Continuously sample production traffic, score with the same judge, surface drift. The eval bank itself evolves from the production tail — failures from the wild become tomorrow’s regression tests.

This is what separates teams treating AI as a product feature from teams treating it as infrastructure.

09Common Failure Modes

Things that look like eval problems but are usually something more specific.

Watch For

Optimizing for the eval. If your eval set is fixed and you keep tuning against it, you’re effectively training on the test set. Hold out a private set you only check occasionally.
Judge that doesn’t match humans. Validate the judge prompt before trusting any score it produces. 80% agreement is a reasonable bar.
Aggregate scores hiding the failure. Always slice — by topic, by user type, by query length. The mean is the least interesting number on the page.
Treating evals as a ship-blocker only. The point is iteration speed. The faster you can run the loop, the faster the system improves. Slow evals get skipped.
Confusing capability evals with product evals. A higher MMLU score does not mean your product got better. Re-run the application eval on every model swap.

10The Closing Frame

Closing

The system you ship is whatever your evals incentivize. So the evals had better be honest.

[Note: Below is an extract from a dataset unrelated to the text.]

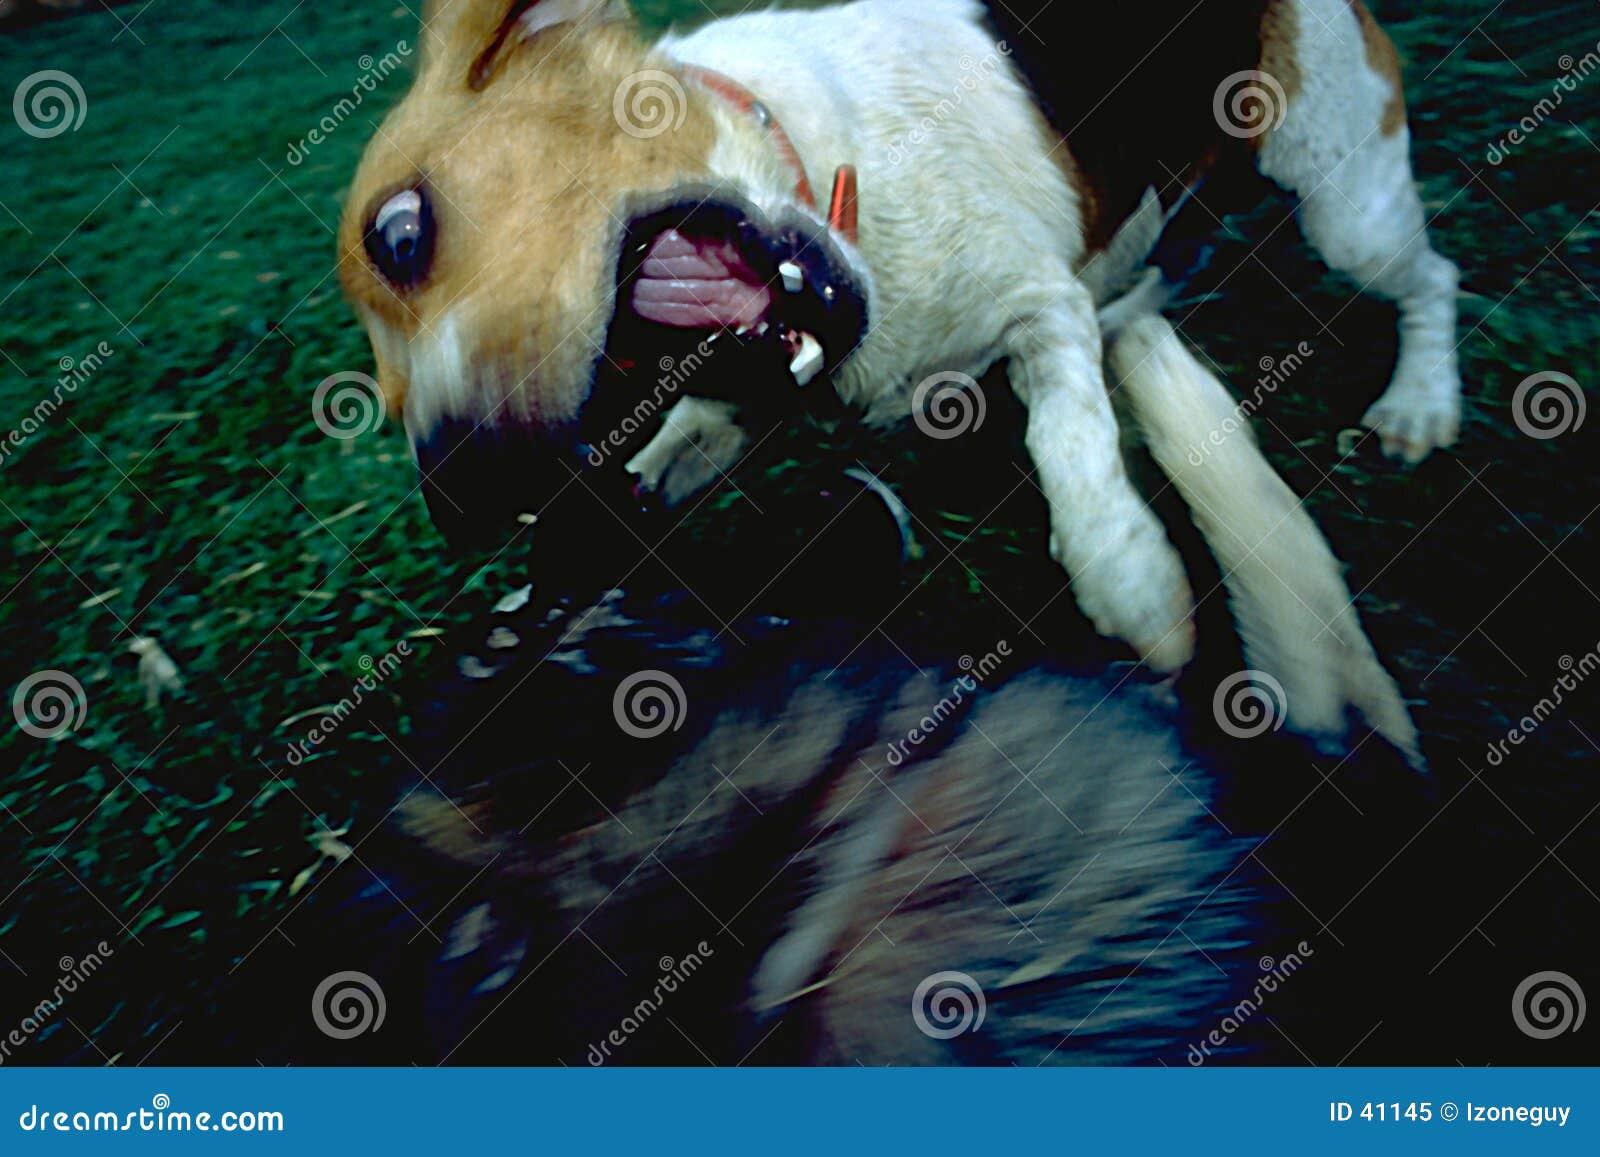 Atakować psa
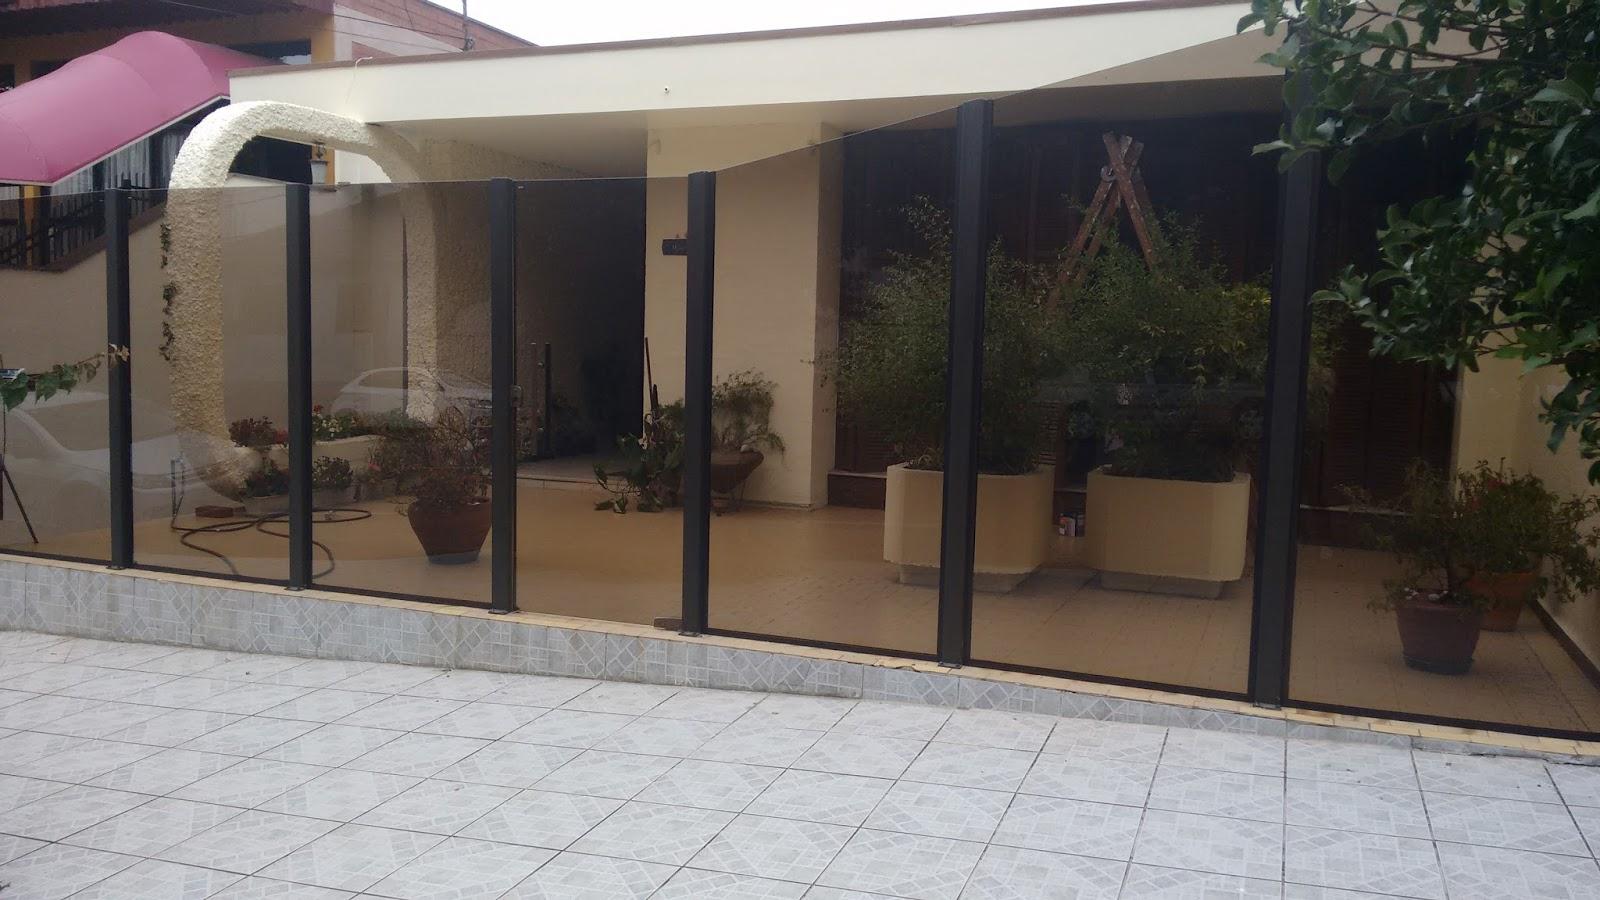 Muro de vidro bronze

An eval system is a mirror. It tells you what you’ve actually built — not what you wished you’d built. The teams that take that seriously end up with products that get measurably better over time. The teams that don’t end up with products that feel like they should be working, while users quietly route around them.

The framework here is illustrative, drawn from work on Reddit Answers and adjacent product builds. The patterns generalize, but every system has its own quirks worth respecting. The first prompt bank is always wrong. The first rubric is always too coarse. That’s fine — both are meant to be iterated.